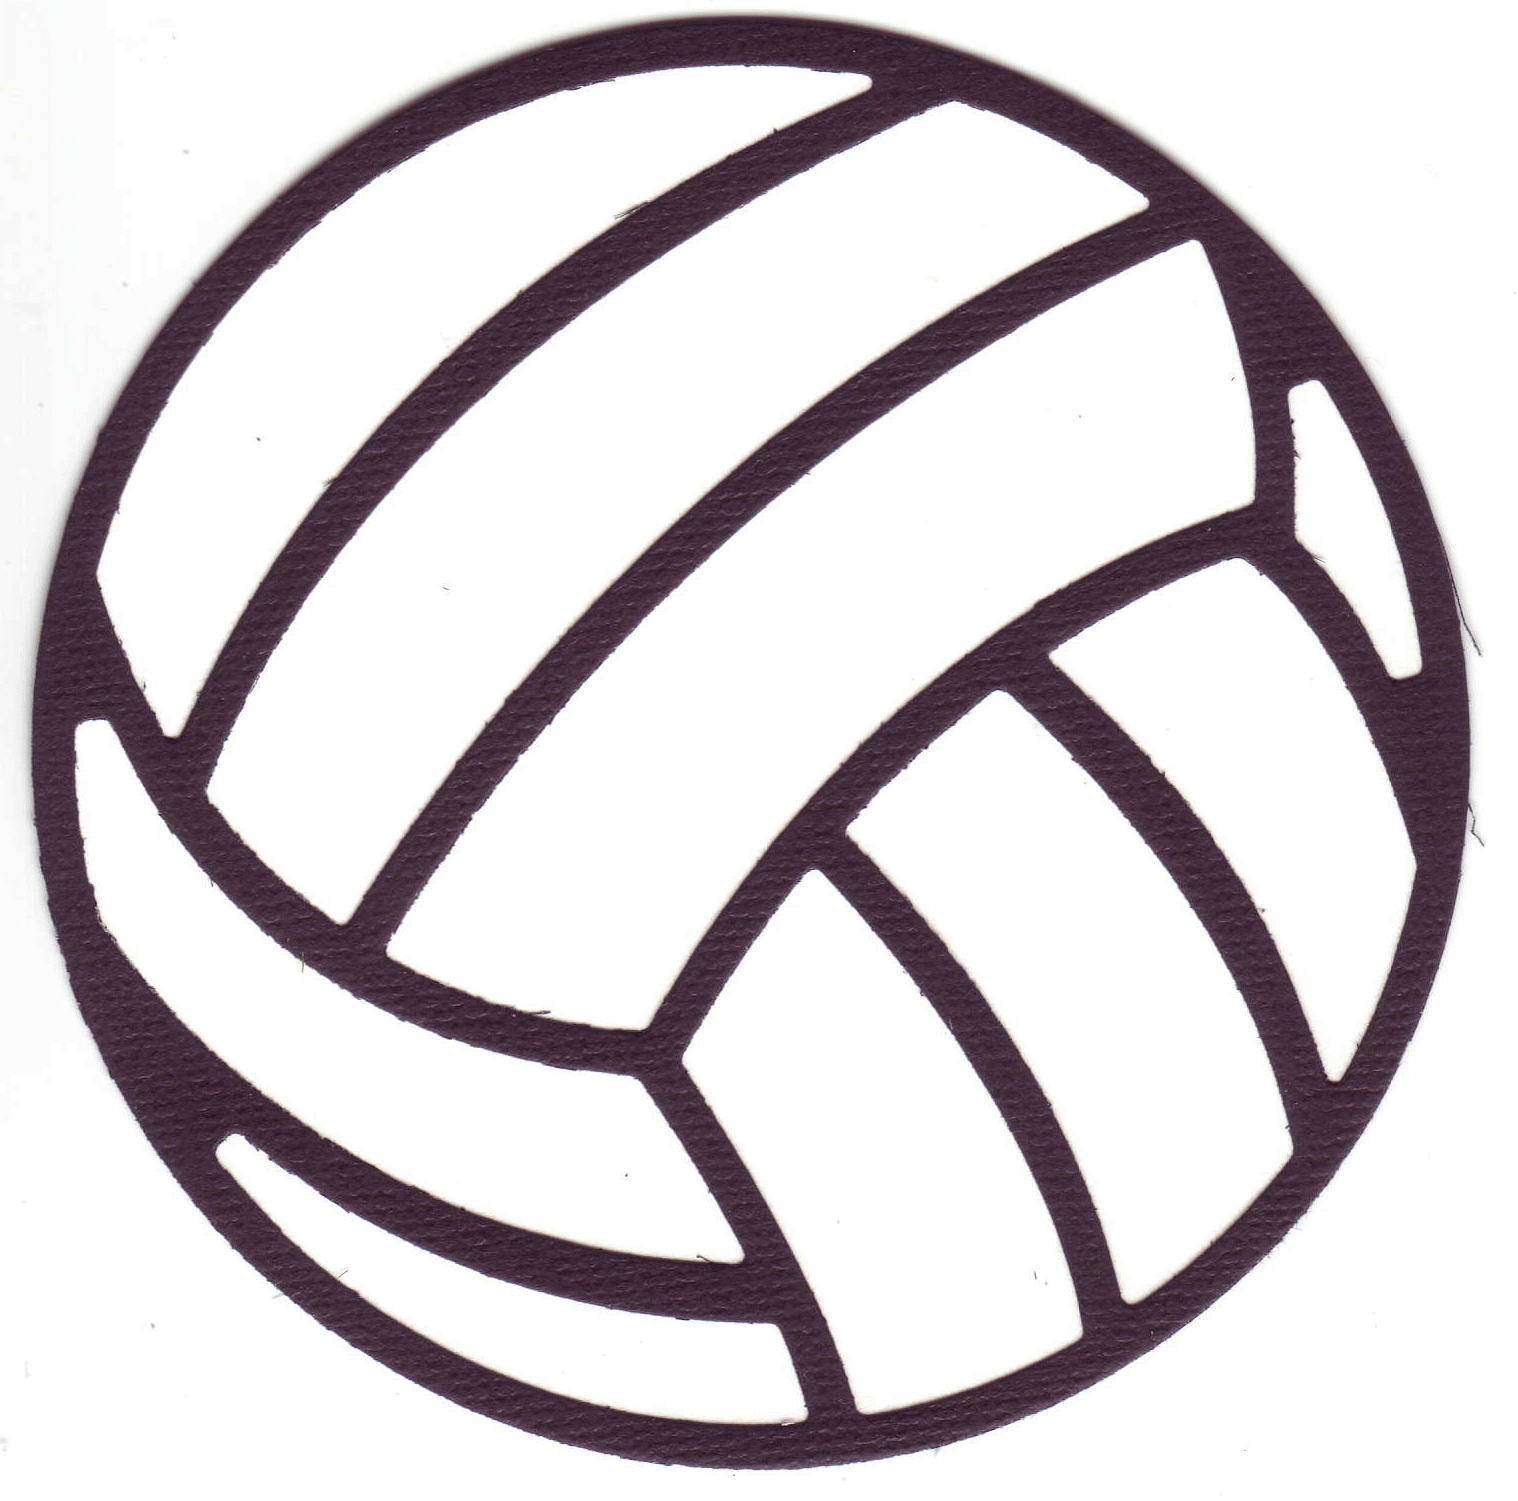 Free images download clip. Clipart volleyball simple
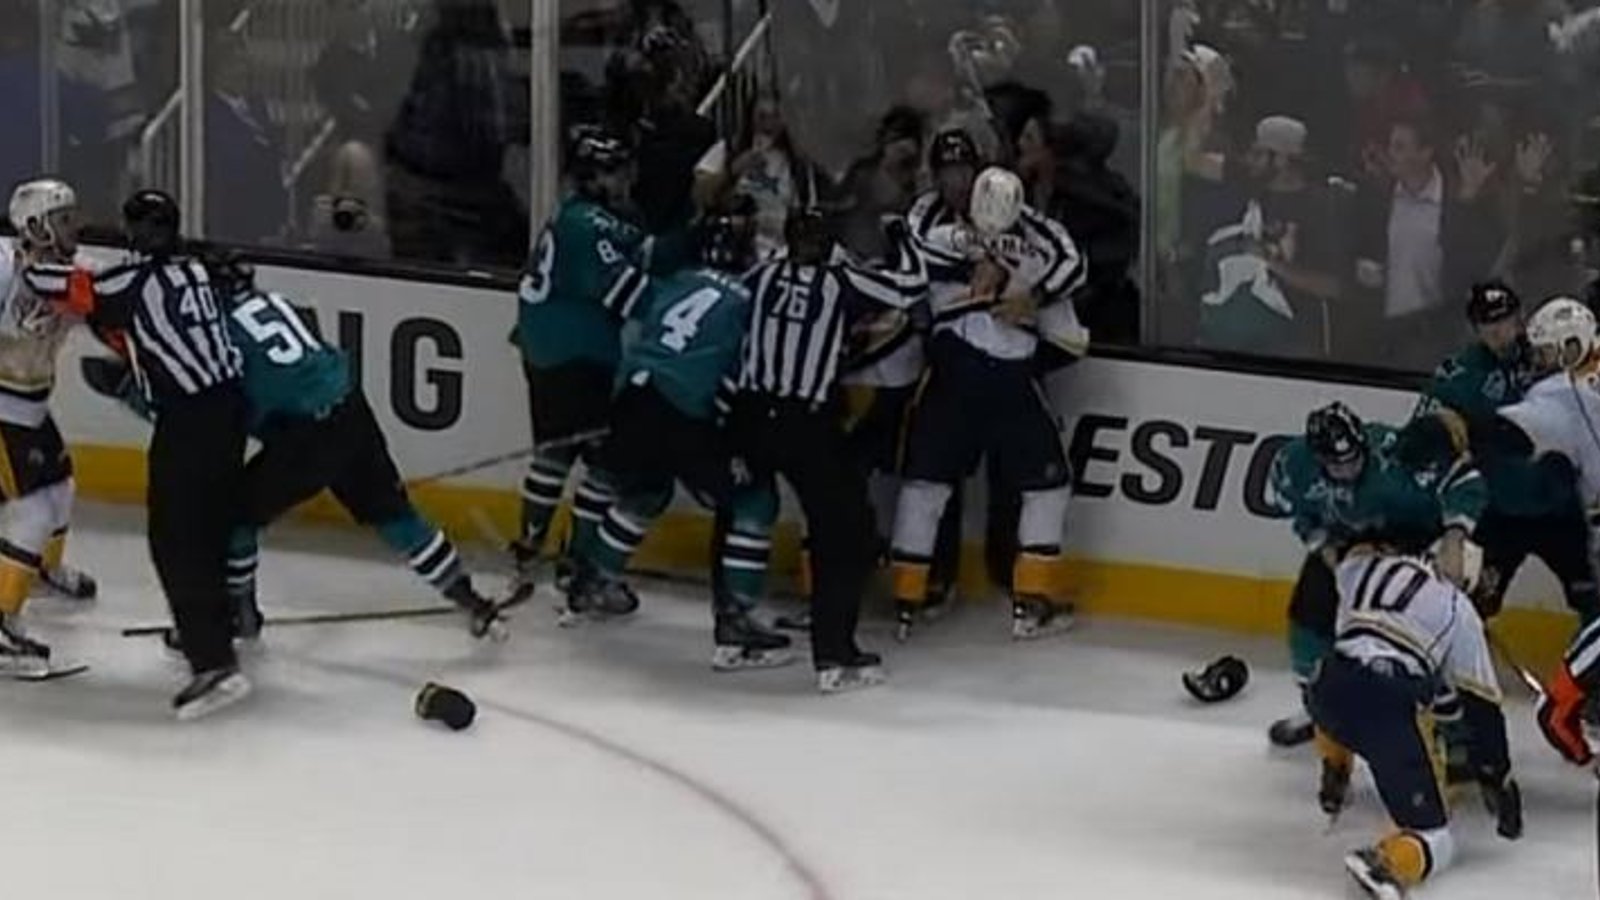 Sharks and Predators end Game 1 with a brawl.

•••

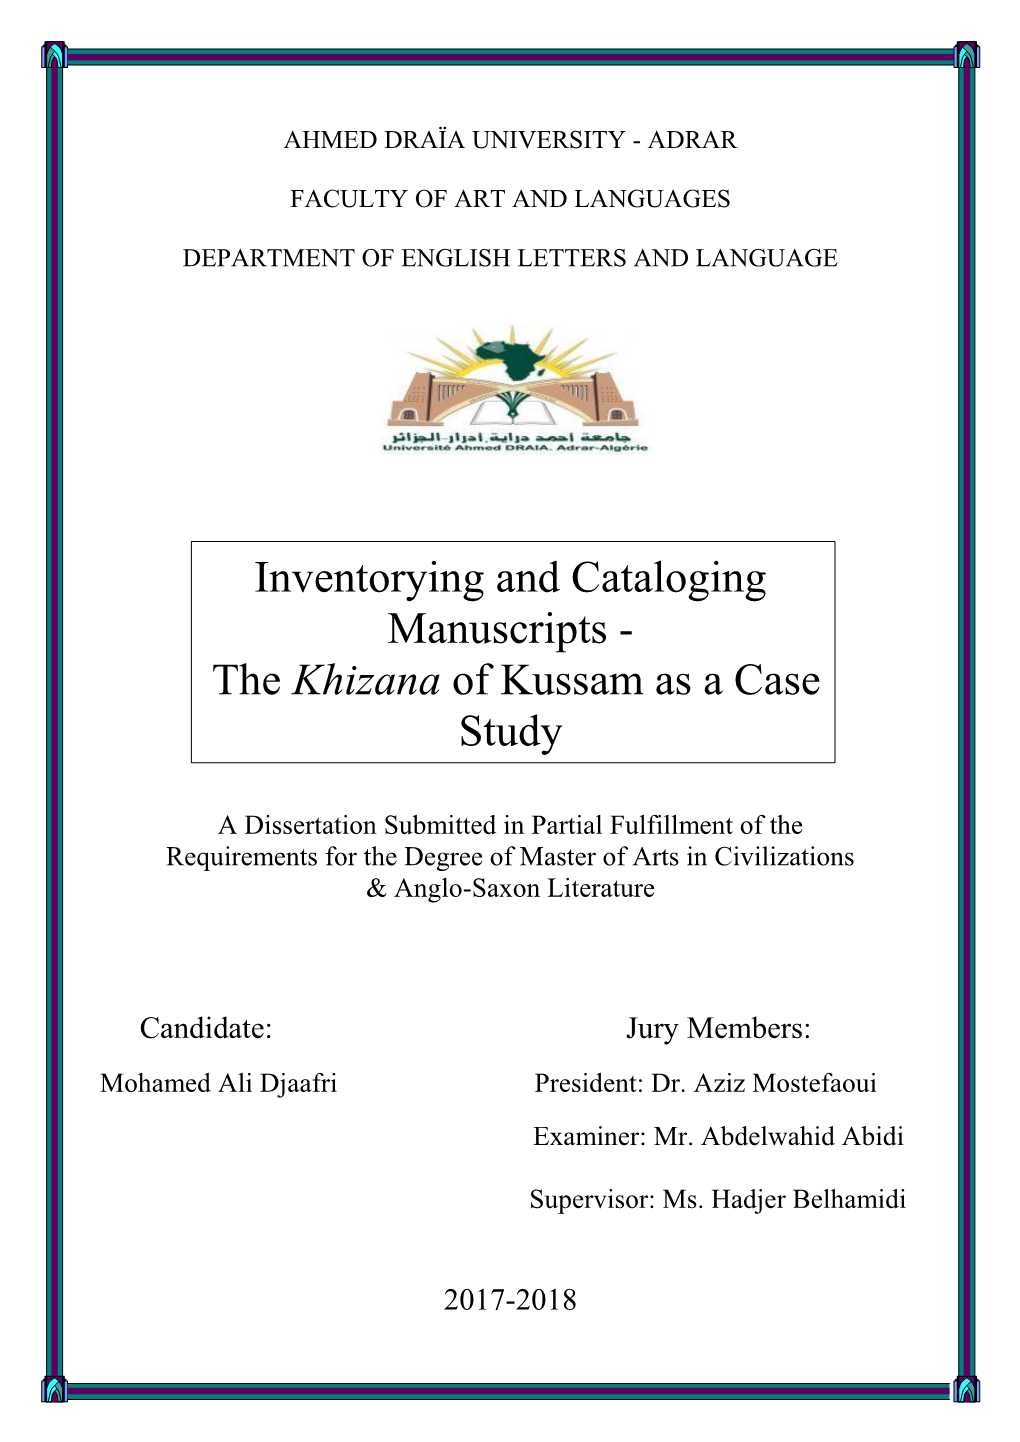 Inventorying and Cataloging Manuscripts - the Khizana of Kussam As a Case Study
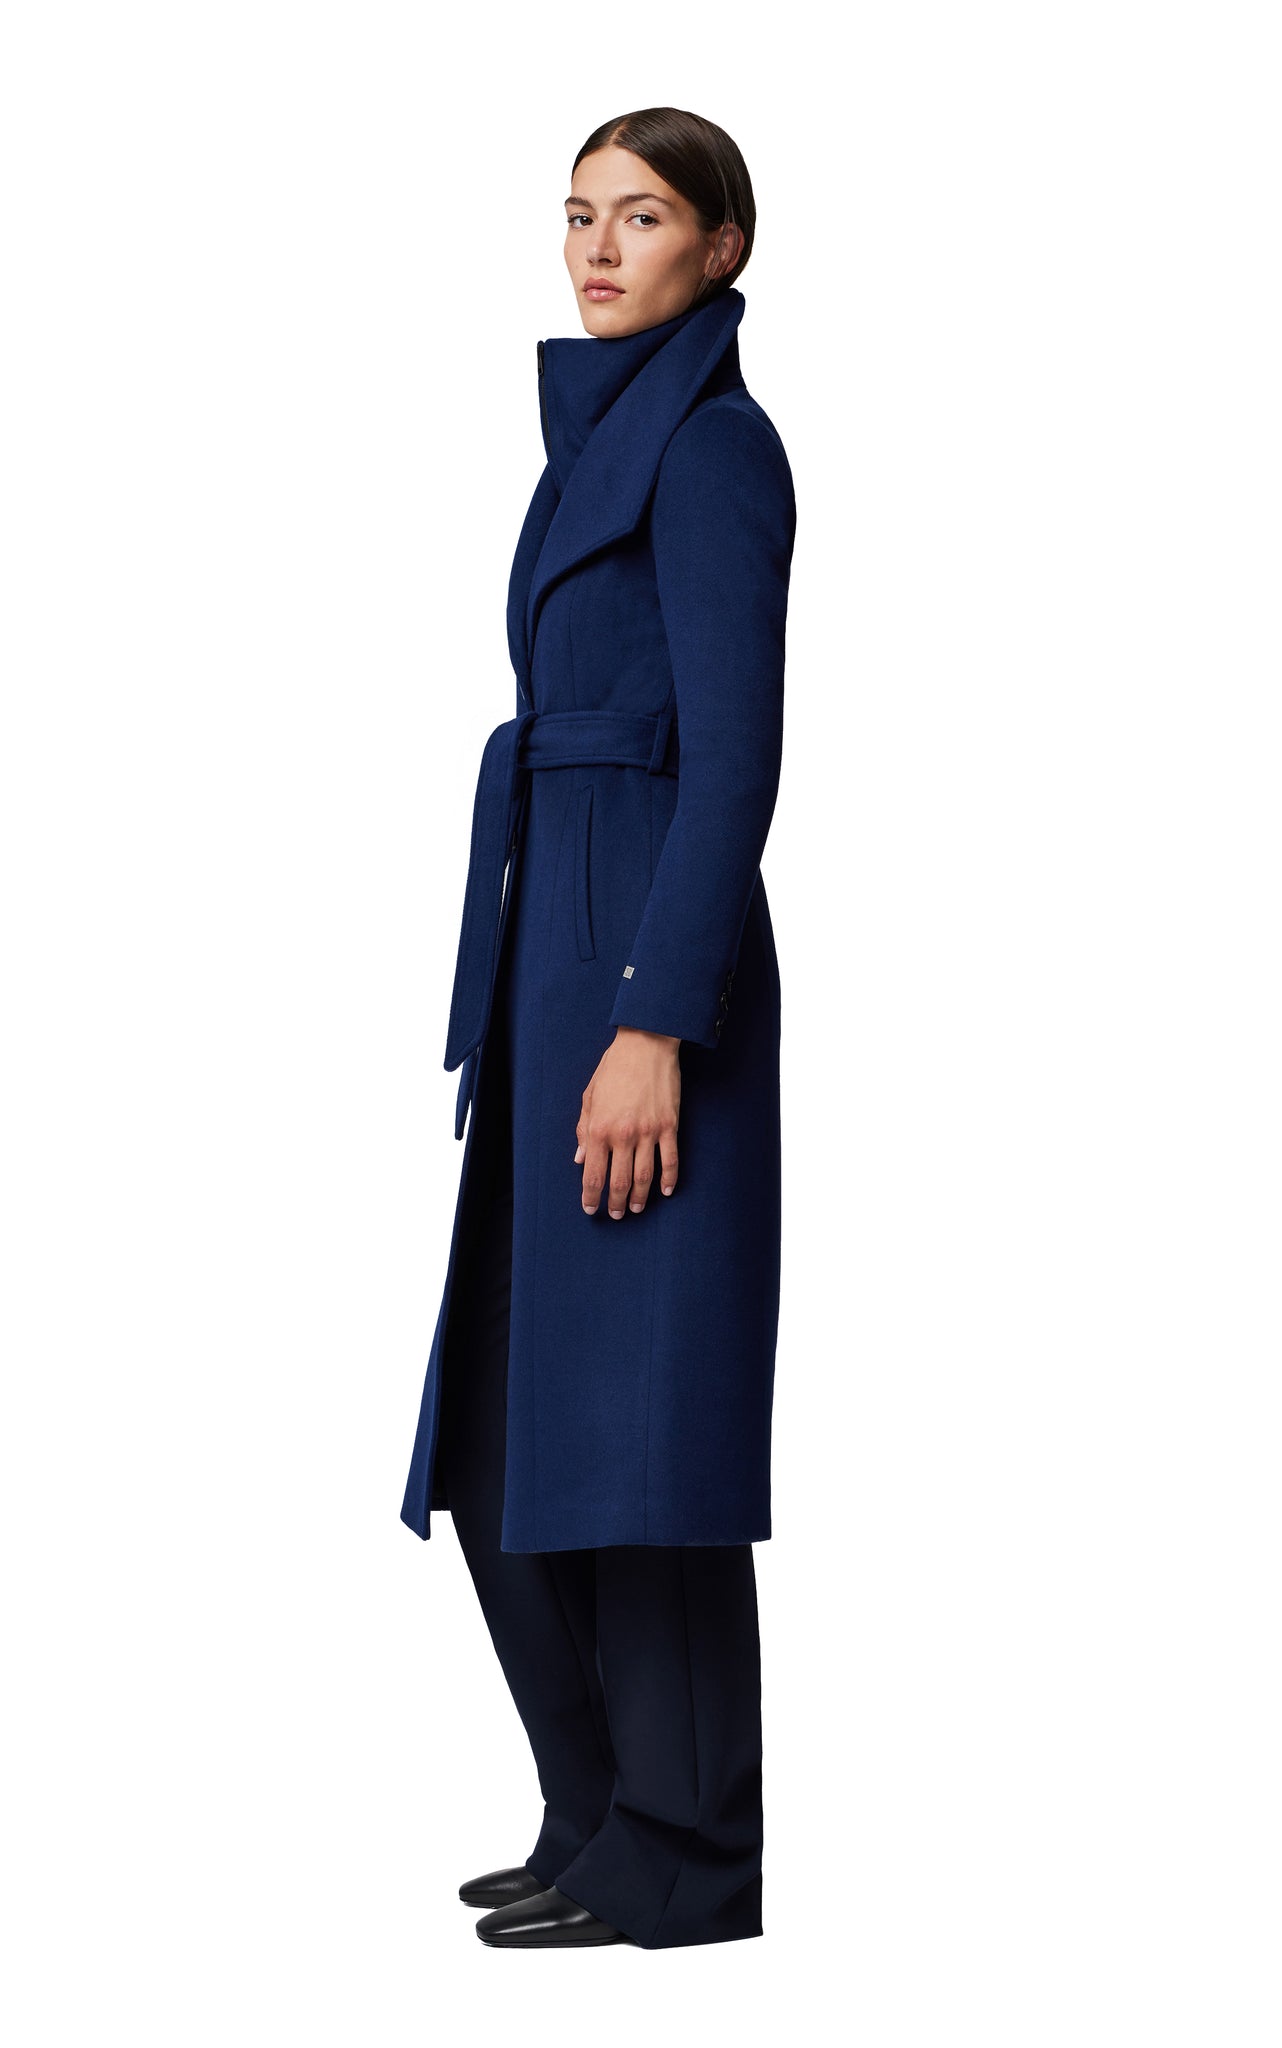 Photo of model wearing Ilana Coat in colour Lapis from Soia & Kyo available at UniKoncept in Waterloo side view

•••

In the data above, find the line containing "Free images download" and the line containing "Sharks and Predators". Repeat those two lines and everything between them exactly, minus the pictures.

 Free images download clip. Clipart volleyball simple
 Sharks and Predators end Game 1 with a brawl.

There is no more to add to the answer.